Although there is evidence of Molossians being used as guard dogs in camps and as messengers, there is some controversy regarding the claim they were used in battle. Writer Ria Horter of The Canine Chronicle, for example, cites a scholar by the name of Dr. Robert van der Molen who claims he has proven that dogs were never used in battle in the ancient world. Horter cites Molen's work, Dogs in the Greek and Roman World, in claiming that dogs never featured as regular combatants on the field.
This claim, however, is contested by authors who point to military companies of Molossians under Roman handlers on the front lines.

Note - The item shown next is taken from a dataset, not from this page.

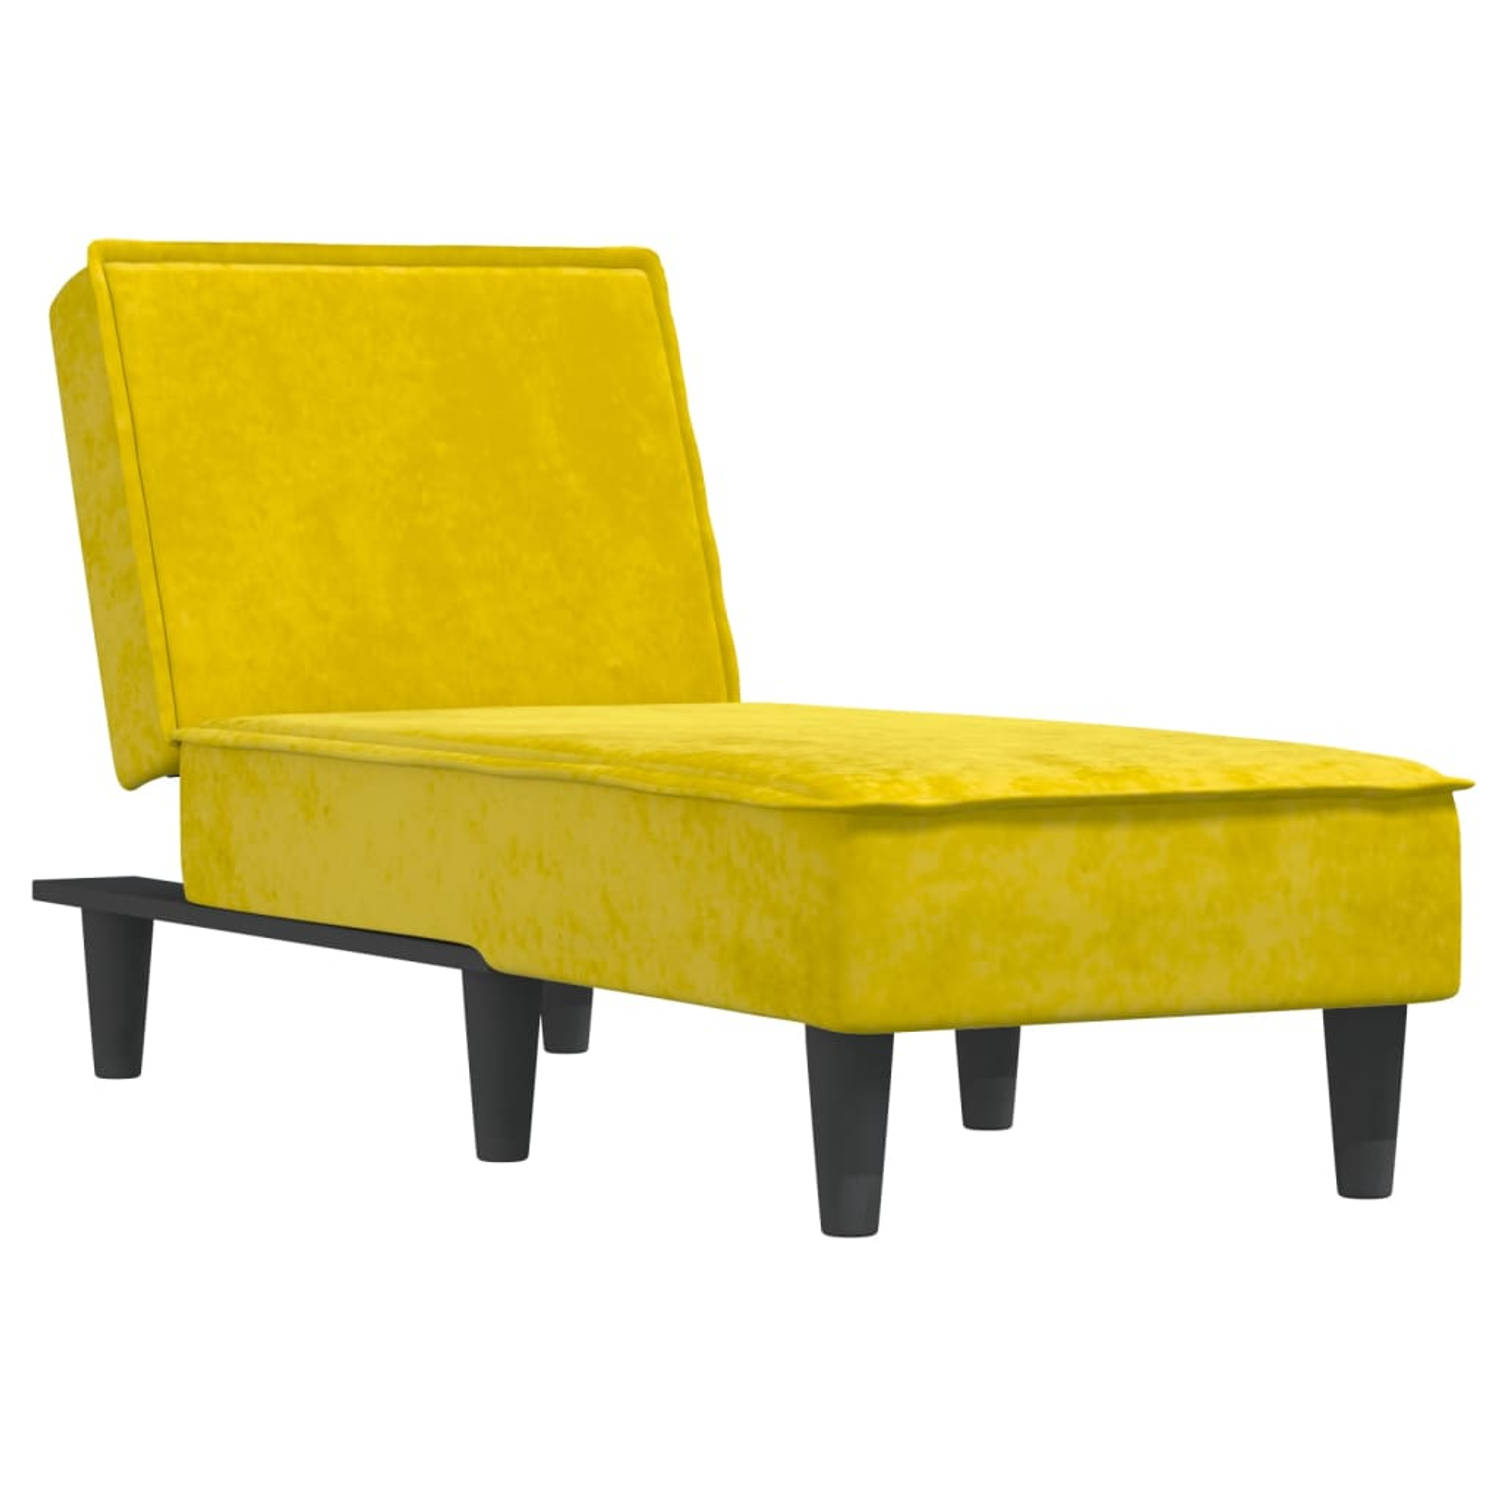 The Living Store Chaise longue fluweel geel - Chaise longue

Further, ancient sources such as Pliny the Elder, Plutarch, Polybius, and others write of a number of different types of dogs used in the Roman army during different eras: canes pugnaces (attack dogs in chain mail and spiked collars, also the premier fighting dog in the arena), canes villatica (guard dogs), canes nare sagaces (tracking dogs) and canes pedibus cleres (chasing dogs) among others.

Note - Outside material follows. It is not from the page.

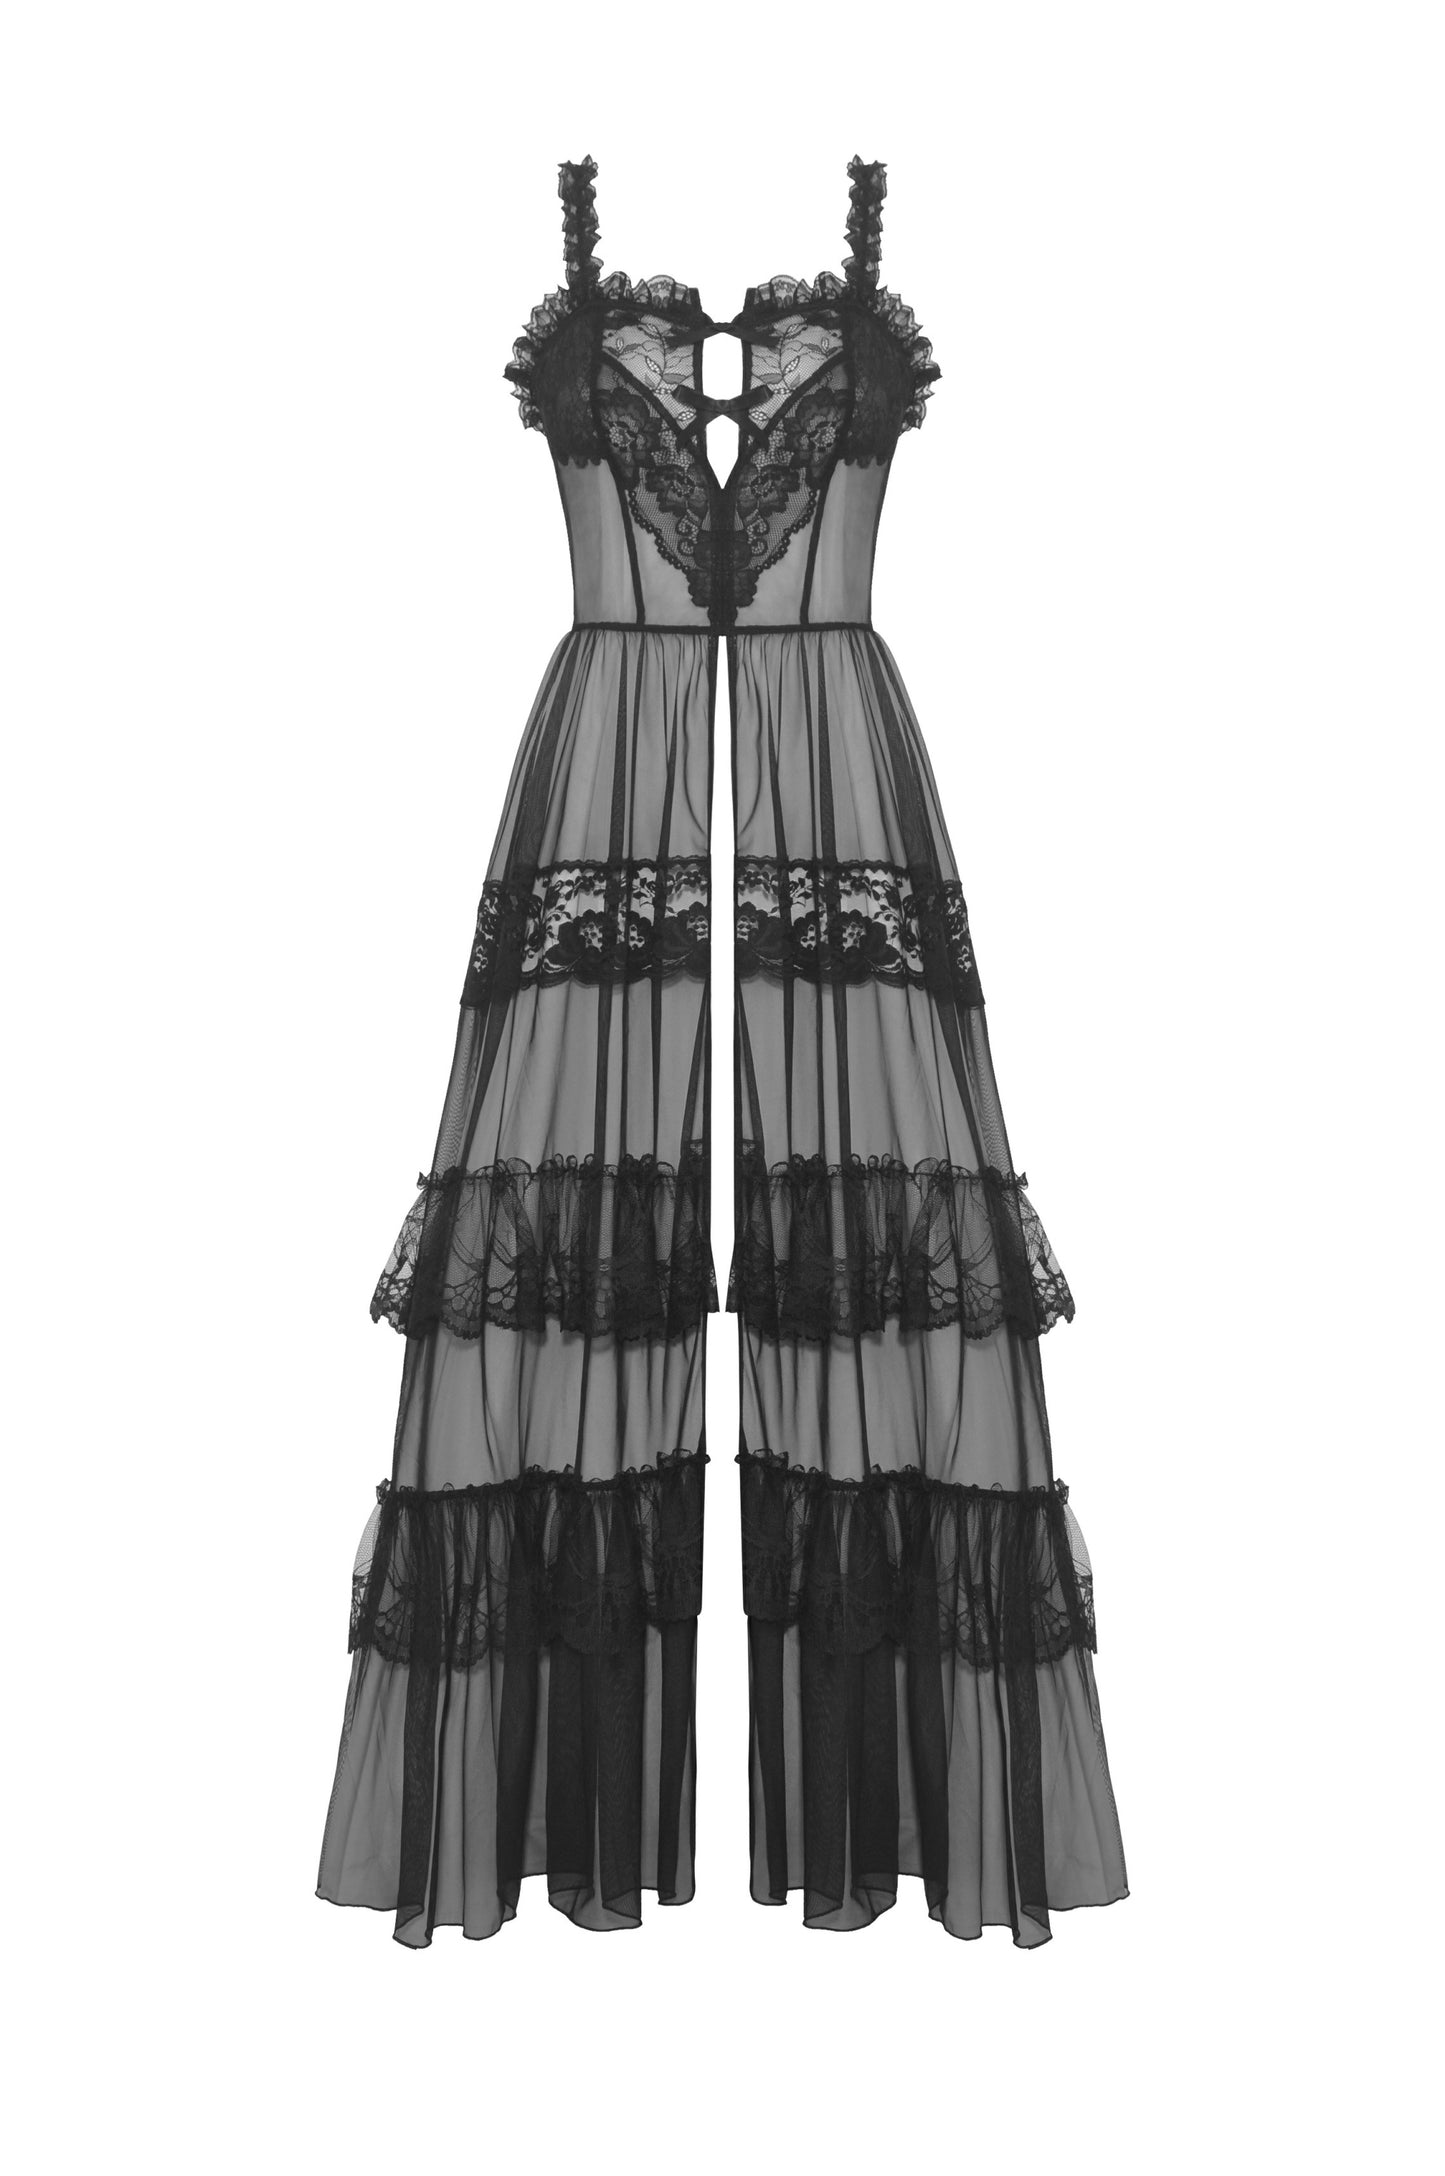 Gothic Lovesick Lace Heart Mesh Dress by Dark In Love

The breed known as the Cane Corso was definitely used in battle. This was a large mastiff regularly used as a guard dog; its very name, in fact, can be translated as 'guard dog'. The Cane Corso was sometimes used as a piriferi (fire-bearer) on the battlefield according to the Greek writer Polybius (l. 200-118 BCE). The Romans would strap buckets of flaming oil to the backs of the dogs and release them toward the front lines of the opposing cavalry.
The Cane Corso is most likely the dog often depicted in ancient engravings as it frequently was chosen as a farm dog to protect the home and livestock as well as a hunting dog and so was a familiar figure in popular use. In later writings the breed seems to become associated with the Molossian.

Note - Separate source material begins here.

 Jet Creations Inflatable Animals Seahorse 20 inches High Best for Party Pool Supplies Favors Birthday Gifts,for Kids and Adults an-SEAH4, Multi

Julius Caesar, invading Britain in 55 BCE, met opposition from Celtic warriors with their own dogs which are frequently identified as the English Mastiff but Caesar himself never names them. Historians believe it more probable Caesar encountered Molossians which had been brought to Britain by Carthaginian traders. The Molossians would have interbred with the local dog population to produce the Mastiff, but it seems unlikely the Mastiff would have already been a breed in Britain when Caesar arrived there.
The use of dogs in Roman warfare under Marcus Pomponius and Polybius's report of the Cane Corso seem to contradict the claim by van der Molen as cited by Horter. The Romans held dogs in high esteem and many works were written regarding breeding, training, and care for the animals. It would hardly be surprising that the Romans, ever practical, would have used dogs in combat.
The Romans relied heavily on their dogs to assist and protect them in their daily lives and so, although it may seem a contradiction to a modern audience, it is not surprising that dogs were also offered in sacrifice to the gods. As with other cultures, the Romans sacrificed the best of what they had, not what they could easily do without, and dog sacrifices are the best example of this.
In the same way, the fighting dog – whether in the Colosseum or a local ring – was far from poorly used but, rather, highly honored and well-cared for. The owner's reputation and, often, livelihood depended on the dog's performance in a fight and they received better care and greater attention than many of the slaves in Rome or even some family members.
There is some evidence that dogs could be seen in a negative light - the Romans, after all, coined the phrase dies caniculares – “the dog days of summer” – associating dogs with intolerable heat because of their link to Sirius, the dog star, which was prominent in that season, but positive associations far outweigh the negatives. The most frequent depiction of the dog in ancient Rome is of a loyal servant, a trusted guardian, and always as a close companion.